Centralize auto-builds org-chart maps of prospect accounts so sales reps know every stakeholder before pitching any of them.
ENTRY ANGLES
Platform combining org mapping with automated generation of role-specific pitch documents · One-pagers and mini-decks auto-tailored to individual stakeholder personas · Integration layer connecting buying committee discovery with personalized sales collateral
VERTICALS
CAPABILITIES
Organizational data mapping and chart generation, AI-driven content personalization, Sales collateral generation and templating
The name might sound like relationship counseling – and in a sense, it is.
Centralize built a platform that helps B2B salespeople figure out "who's who" inside a prospect's organization: which stakeholders influence the purchasing decision, what their roles are, and how they relate to each other.
In practice, the platform maps the org chart of each target account – names, titles, reporting lines, and informal cross-functional relationships. The key is that this map is built and updated automatically by the platform's AI, which pulls from email threads and AI-transcribed video call recordings between the sales team and the prospect's employees.
Salespeople can use this intelligence to:
- identify the best internal contacts to pursue,
- find the "internal champion" – the person whose role makes them most likely to advocate for the purchase,
- understand other stakeholders and tailor the pitch to address what each of them actually cares about.
All discovered contacts, titles, and relationships are automatically synced into the seller's CRM.
Centralize claims this organizational visibility helps deals move twice as fast and improves close rates by 56%.
The startup graduated from Y Combinator this spring with the standard $500K and announced its platform launch in the YC blog three days ago.
B2B sales is a slow, complex, and genuinely painful process. One big reason: even in mid-size companies of 100–500 employees, an average of seven people are involved in a typical software purchase decision. And those seven people vary by product category.
Focusing all your effort on a single contact isn't enough. You need to know who the other six are – and figure out how to influence them, whether directly through meetings or indirectly through how you frame the offer.
The money dimension makes it harder still. Only 10% of enterprise software purchases are funded from a single department's budget; the IT department accounts for another 26%. The remaining 57% involve shared budgets across multiple departments – meaning you often need buy-in from people who hold the purse strings, not just the ones you're already talking to.
And here's the wrinkle: 67% of people involved in enterprise software decisions have no IT background whatsoever. Talking tech specs at them is pointless. You need arguments framed around their function – which means you first need to know who they are.
What makes this especially hard is that sellers are present for only 17% of the buying process. The other 83% happens in internal meetings the salesperson never attends.
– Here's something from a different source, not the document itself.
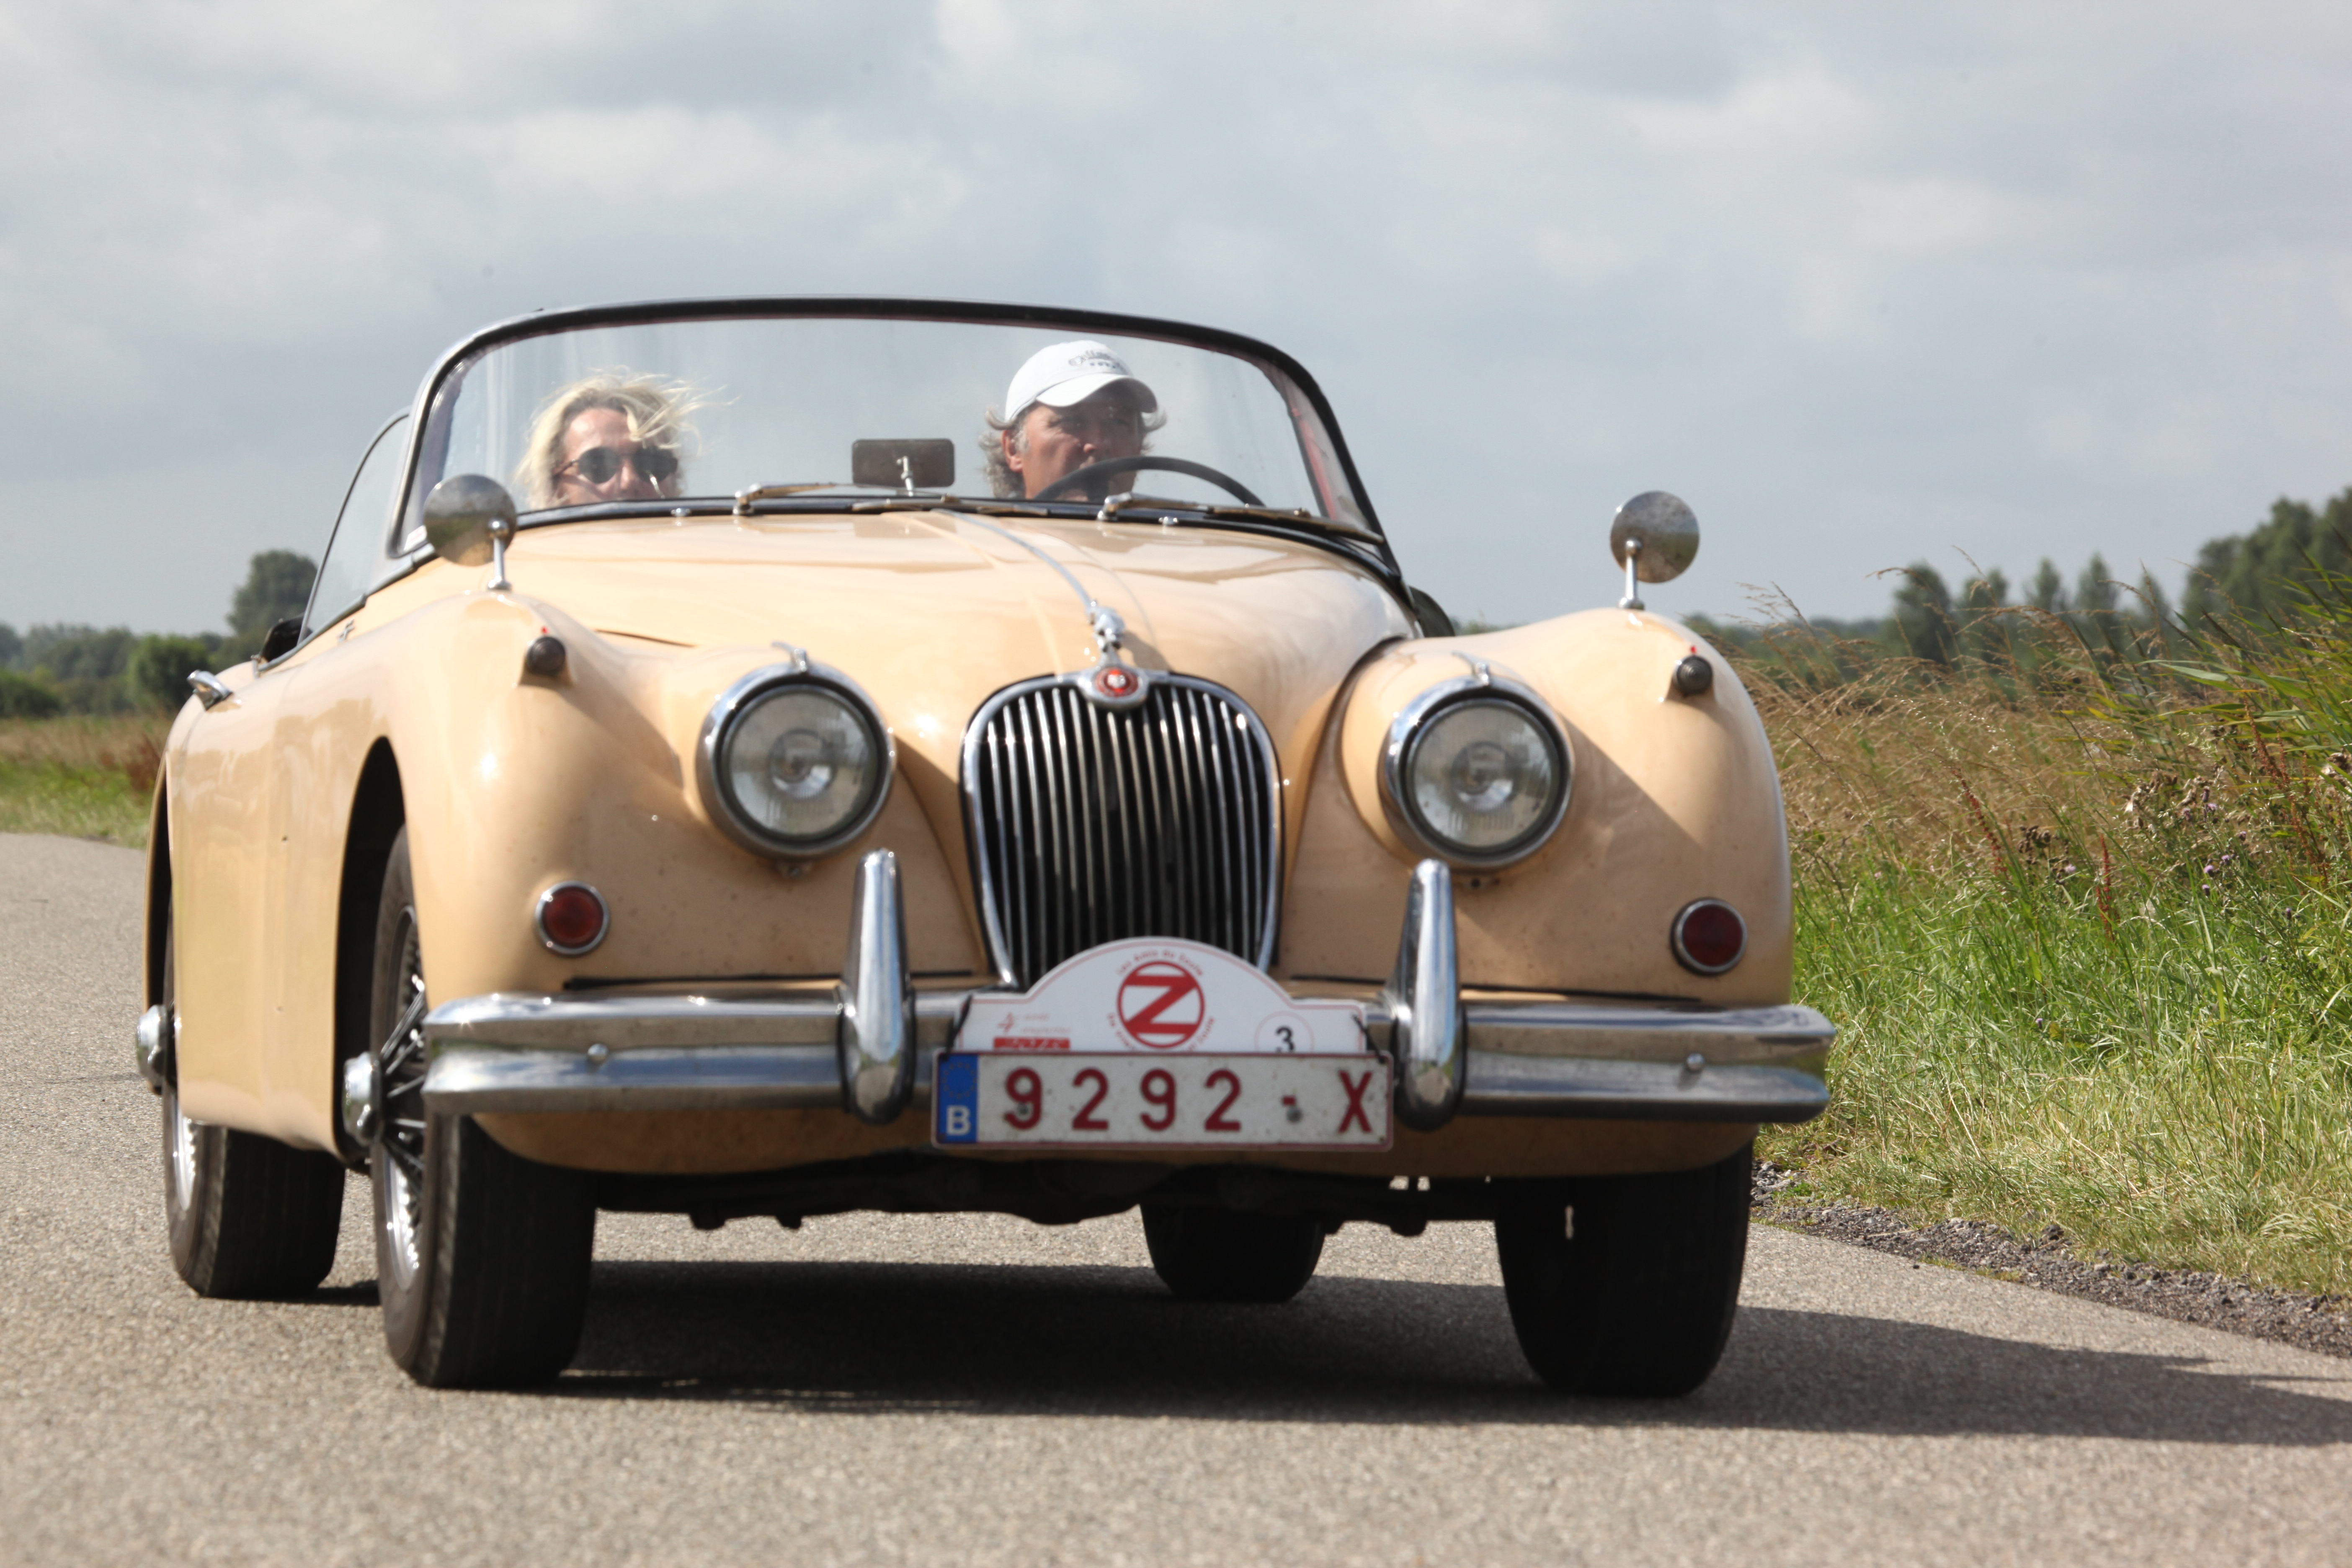 ZOUTE RALLYE OOK ZONDER OLD-TIMER

So salespeople generally can't learn the lay of the land in real time. They have to piece it together indirectly – which is exactly what Centralize is built to help with.
Centralize solves the discovery problem: figuring out who else influences the deal. That's valuable – but it's only half the puzzle.
Once you know who those people are, you still need to do something to win them over. That's where the idea of combining Centralize with Fluint ([covered previously](/review/prezentacija-prodazham-ne-pomoshhnik)) gets interesting.
Fluint's founders argue that a single big product deck is a poor B2B sales tool for two reasons:
- It's too long for stakeholders who are only peripherally involved in the decision.
- A presentation works best when it carries one central message for one specific audience. In B2B sales you're trying to persuade an average of seven different audiences simultaneously – each of whom needs a different core argument.
So Fluint built a platform where salespeople, working alongside the internal champion, can produce one-page documents tailored to each stakeholder – each one carrying the argument most likely to resonate with that person's role. Fluint raised $1.6M in its first round.
The natural end state of combining these two tools: a platform that not only maps the org chart of a target account, but automatically generates tailored pitches – one-pagers, mini-decks – personalized for every relevant stakeholder identified.
Taken to its logical extreme, the ideal B2B product is one where you can articulate a compelling, role-specific case for every employee in the building. If each of them walks into a meeting saying "I need this" – the deal closes itself.
That's the broader direction worth building toward: AI-powered platforms that help B2B sellers (a) map the humans who influence a buying decision, and (b) move those humans toward a yes.
The vertical that maps most cleanly onto this architecture is any high-ACV SaaS category where deals routinely stall because the rep can only reach one or two contacts: HR software, ERP systems, cybersecurity platforms. In those verticals, an integrated discovery-plus-influence stack would have the fastest time-to-value – and the highest willingness to pay.